Clinical diagnosis, outcome definition, determination of PON1 activity, genotyping, and mass spectrometry analyses were each performed by investigators who were blinded to CVD status and other measurements. Continuous variables are presented as mean (SD) or median (IQR) for non–normally distributed data and categorical variables as numbers and percentages. Regression analysis was used for calculating the variance (R2) explained by the PON1 polymorphism and activity measures. Quartile cut points were determined from the enzyme activity levels of all 1399 study participants at baseline. Analysis of variance or the Kruskal-Wallis test (for non–normally distributed data) was used to test the difference in mean oxidized fatty acid levels according to PON1 genotype and tertiles of PON1 activity. Kaplan-Meier methods were used to plot time-to-event curves for PON1 activity quartiles and genotypes and the log-rank test was performed to assess differences between curves.
Logistic regression analysis was used to calculate adjusted odds ratios (ORs) for the association between activity levels and prevalent CVD status after adjusting for the traditional risk factors and selected classes of medications (statins and aspirin) as described herein.
Cox proportional hazard models were performed to determine if PON1 is an independent predictor of future cardiac events. Unadjusted hazard ratios (HRs) for clinical events were calculated with reference to the highest quartile (corresponding to lowest risk). The models were adjusted for all traditional cardiac risk factors, including the Framingham ATP-III risk score (including diabetes status), log C-reactive protein, body mass index, and medication use (statins and aspirin). Models were created separately for paraoxonase and arylesterase. All variables used in the models met the proportional hazards assumption by testing them as time-dependent covariates in the multivariate model.
Receiver operating characteristic curves were plotted to estimate the C index for MACE with and without PON1 activity as predictors.20 The C index is analogous to the area under the receiver operating characteristic curve but takes into account right censoring.21 To evaluate the contribution of PON1 activity as a predictive marker, we calculated the concordance indices22 with and without each PON1 activity measurement in separate multivariate models that included the variables described herein. The improvement in predictability with the addition of each of these well-established risk factors was assessed by the difference in the concordance indices.23 The difference of the indices was bias-corrected and bootstrapping was used to generate 95% confidence intervals (CIs). A 1-sample t test was performed to determine if the difference was equal to zero.
Hazard ratios for clinical events were calculated for participants with the PON1 Q192R, polymorphism and were adjusted after controlling for differences in the aforementioned traditional cardiac risk factors and medications. An additive model of inheritance was also created to assess the change in risk for having 1 and 2 copies of the Q allele. The genotypes were given values of 0, 1, and 2 and entered in a Cox proportional hazards model. All statistical analyses were performed using SPSS, version 11 (SPSS Inc, Chicago, Illinois) and verified on SAS, version 8.2 (SAS Institute Inc, Cary, North Carolina). All P values are 2-sided, with P<.05 considered significant.

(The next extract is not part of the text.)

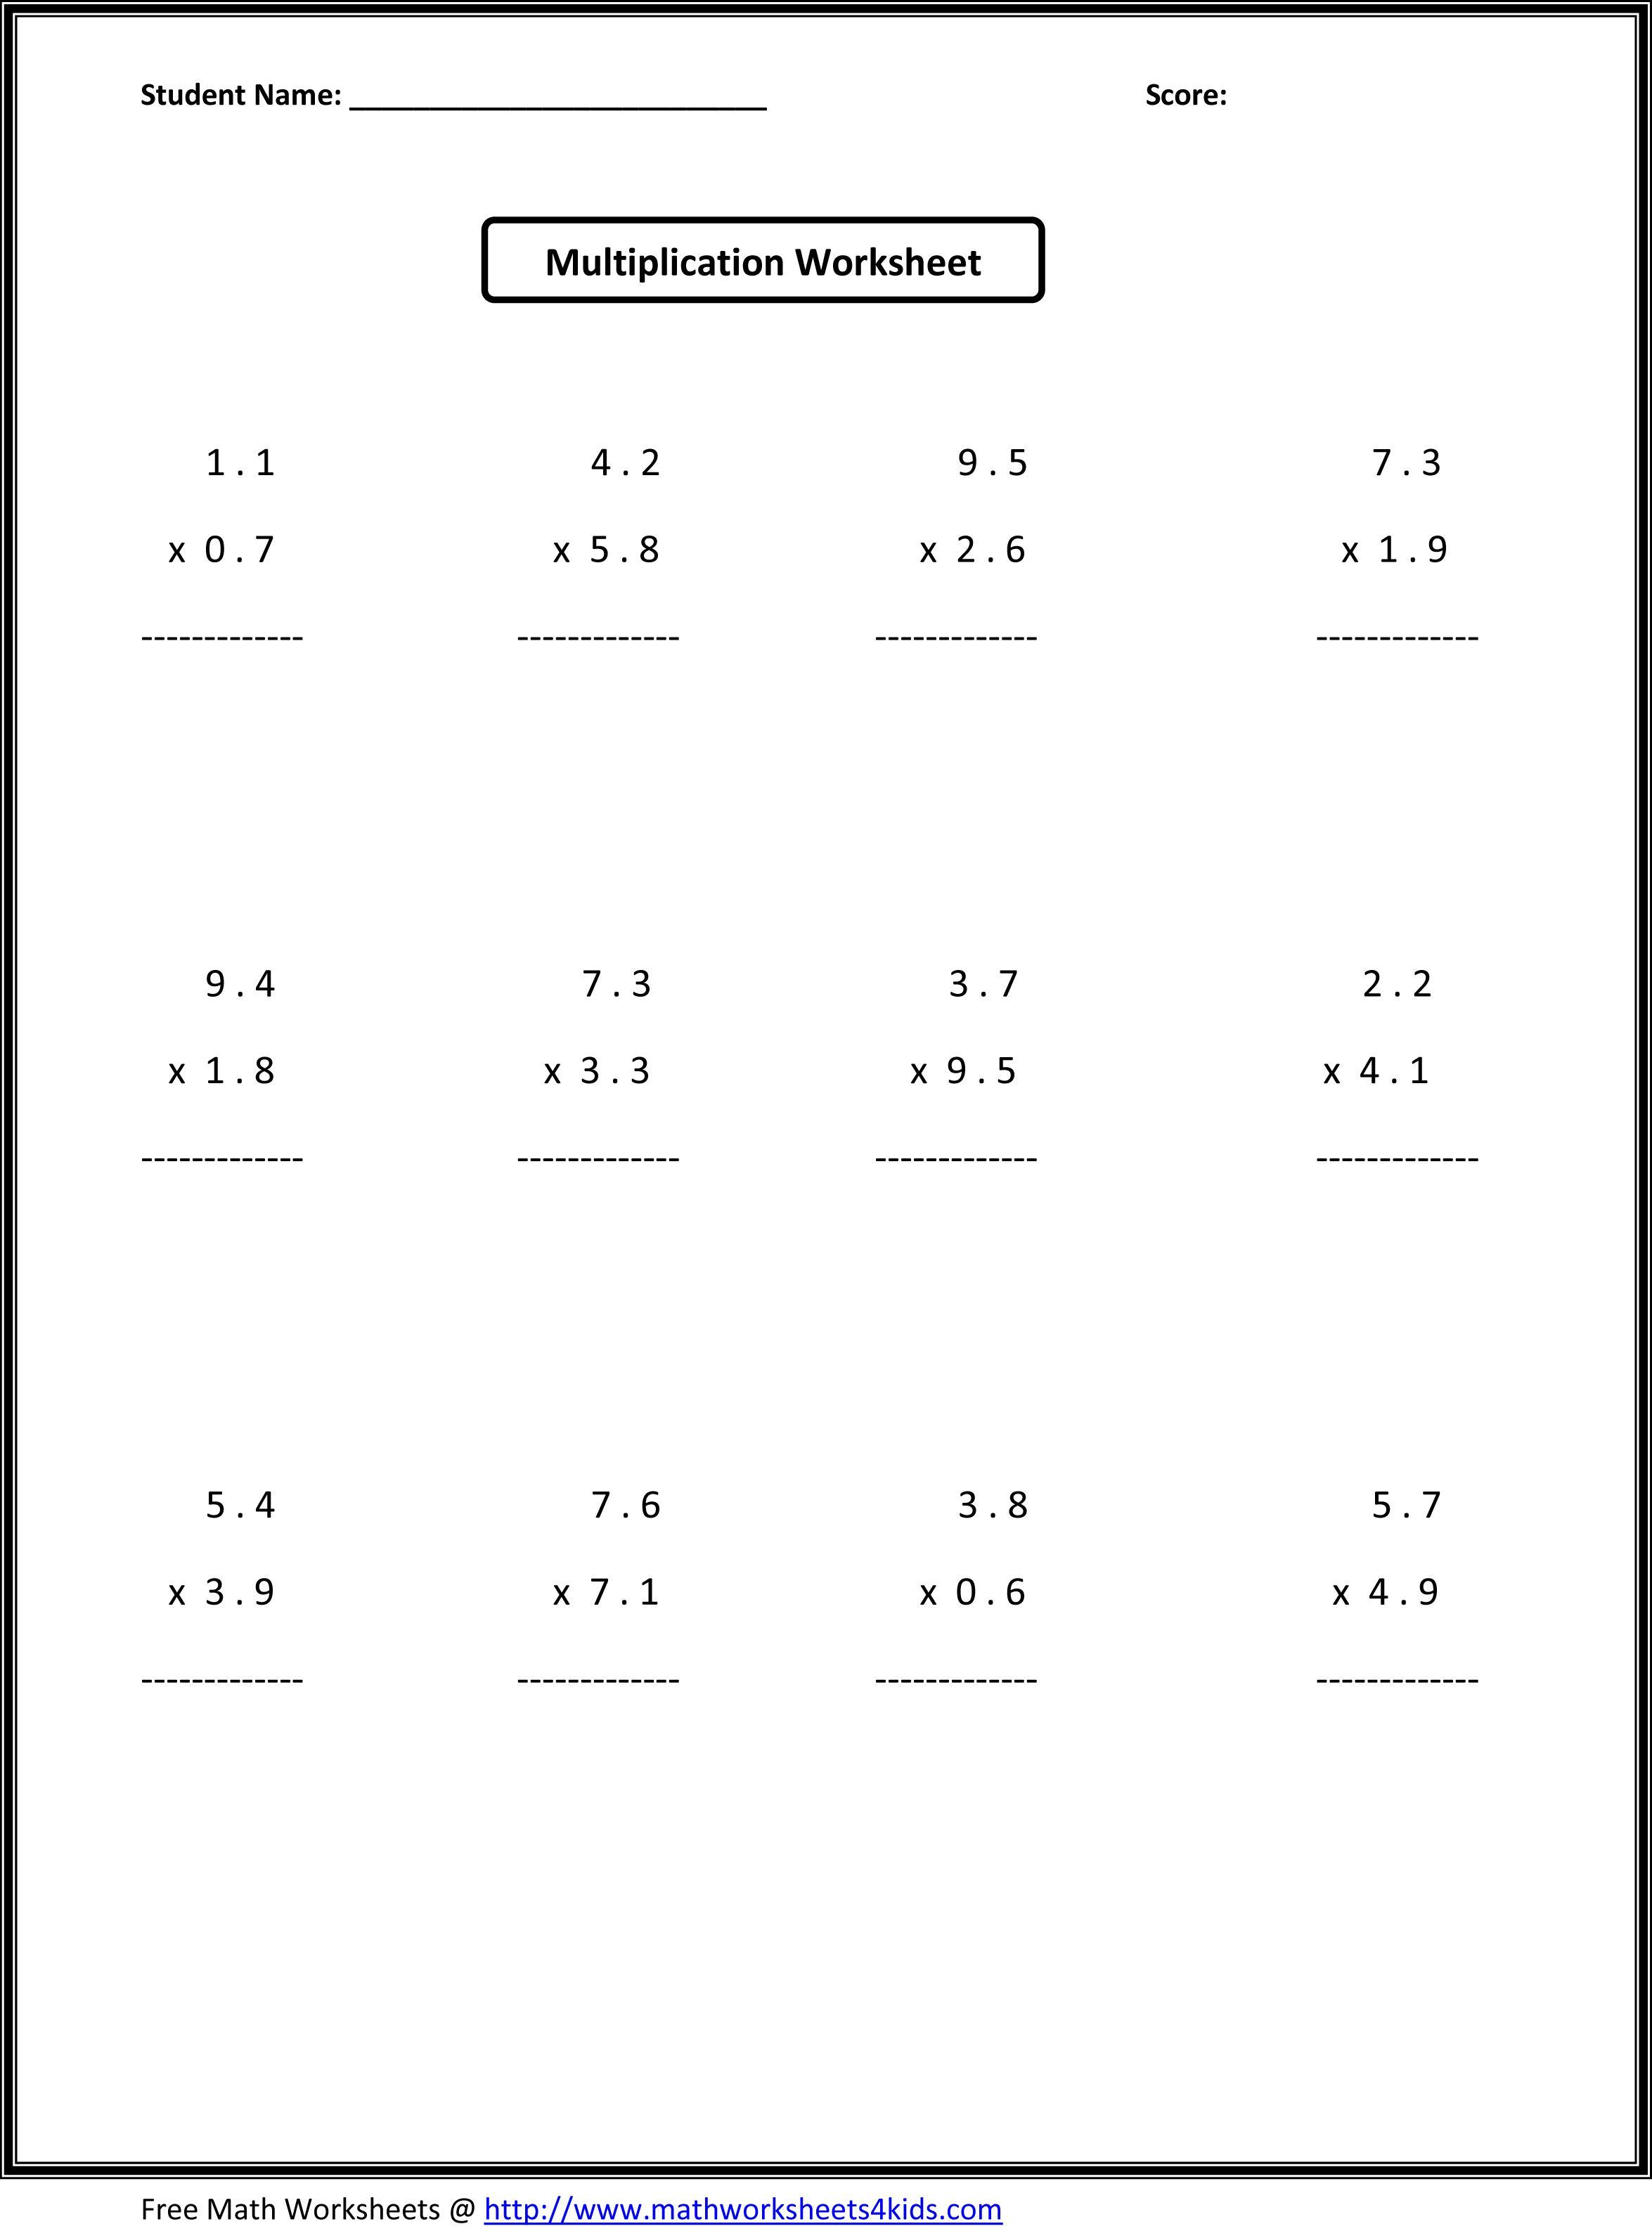 7Th Grade Math Worksheets | Value Worksheets Absolute Value | 7Th Math Worksheets Printable

The clinical characteristics of participants stratified according to a diagnosis of CVD at time of enrollment are summarized in Table 1. Participants with CVD were older, with a greater prevalence of history of hyperlipidemia, diabetes, and hypertension and greater use of aspirin and statins. While 66% of patients were taking statins, less than 10% of the cohort were taking fenofibrates. Participants with CVD had lower levels of HDL cholesterol (HDL-C) and LDL cholesterol (LDL-C) (the latter presumably because of increased statin use) and higher levels of triglycerides and C-reactive protein.
In the entire cohort, 46.3% (642/1386) had the QQ192 genotype, 43.9% (608/ 1386) had the QR192 genotype, and 9.8% (136/1386) had the RR192 genotype. White participants demonstrated a greater frequency of the QQ192 genotype (621/ 1254 [49.5%] vs 17/126 [13.5%]; P<.001) and lower frequency of the RR192genotype (92/1254 [7.4%] vs 44/ 126 [34.9%]; P<.001) compared with nonwhite participants.

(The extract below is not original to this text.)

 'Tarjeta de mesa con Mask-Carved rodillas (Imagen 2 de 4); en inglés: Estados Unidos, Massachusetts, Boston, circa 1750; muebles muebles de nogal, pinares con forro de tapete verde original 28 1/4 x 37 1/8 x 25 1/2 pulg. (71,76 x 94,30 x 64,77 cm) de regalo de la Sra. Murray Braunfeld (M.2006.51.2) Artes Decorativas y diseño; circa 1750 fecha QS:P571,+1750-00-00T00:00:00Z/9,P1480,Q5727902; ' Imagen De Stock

Irrespective of race, paraoxonase and arylesterase activity levels were significantly lower in participants with CVD in comparison with non-CVD patients: for paraoxonase, the median was 860.6 (IQR, 442.6–1599) nmol/min/mL vs 1164 (IQR, 473.5–1825) nmol/min/mL (P<.001), and for arylesterase, the median was 334.6 (IQR, 279.5–395.8) µmol/min/mL vs 356.9 (IQR, 296–424.4) µmol/min/mL (P<.001) (Table 1). Similarly, systemic levels of serum paraoxonase and arylesterase activity were lower in participants with CVD compared with healthy middle-aged volunteers: for paraoxonase, median, 860.6 (IQR, 442.6–1599) nmol/min/mL vs 1264 (IQR, 647.0–1864.6) nmol/min/mL (P<.001), and for arylesterase, 334.6 (IQR, 279.5–395.8) µmol/min/mL vs 605.8 (IQR, 517.6–666.8) µmol/min/mL (P<.001).
During follow-up (mean, 44 [SD, 7] months; minimum of 3 years), 13.8% of participants (193/1399) experienced at least 1 MACE (death, 7.6% [106/1399]; nonfatal MI, 5.7% [80/1399]; and stroke, 1.1% [16/1399]).
The relationships between PON1 Q192R genotypes and activity measures throughout the entire population are summarized in (Table 2). The PON1 Q192R polymorphism genotypes were in Hardy-Weinberg equilibrium. Participants with the QQ192 genotype demonstrated significantly less paraoxonase activity than participants with either the QR192 genotype (median, 453.5 [IQR, 360.4–560.3] nmol/min/mL vs 1436 [IQR, 1129–1800] nmol/min/mL; P<.001) or the RR192 genotype (median, 453.5 [IQR, 360.4–560.3] nmol/min/mL vs 2374 [IQR, 1978–2851] nmol/min/mL; P<.001) (Table 2).
While 49.4% of participants with the wild-type QQ192 genotype (317/642) were in the lowest quartile of PON1 activity, only 4.4% of participants with the variant RR192 genotype (6/136) were in the lowest activity quartile. In contrast, 3.9% of participants with the QQ192 genotype (25/642) and 83.8% with the RR192 genotype (114/136) were in the highest activity quartile (Table 2).
In the lowest activity quartile, 92.2% of study participants (317/344) had the QQ192 genotype and only 1.7% (6/344) had the RR192 genotype. The reverse trend was observed in the highest activity quartile, with 7.2% of participants (25/348) having the QQ192 genotype and 32.8% (114/348) having the RR192 genotype (Table 3). Regression analysis confirmed that the PON1 Q192R polymorphism accounted for 58.5% (R2=0.585; P<.001)of the variation in serum paraoxonase activity levels throughout the population.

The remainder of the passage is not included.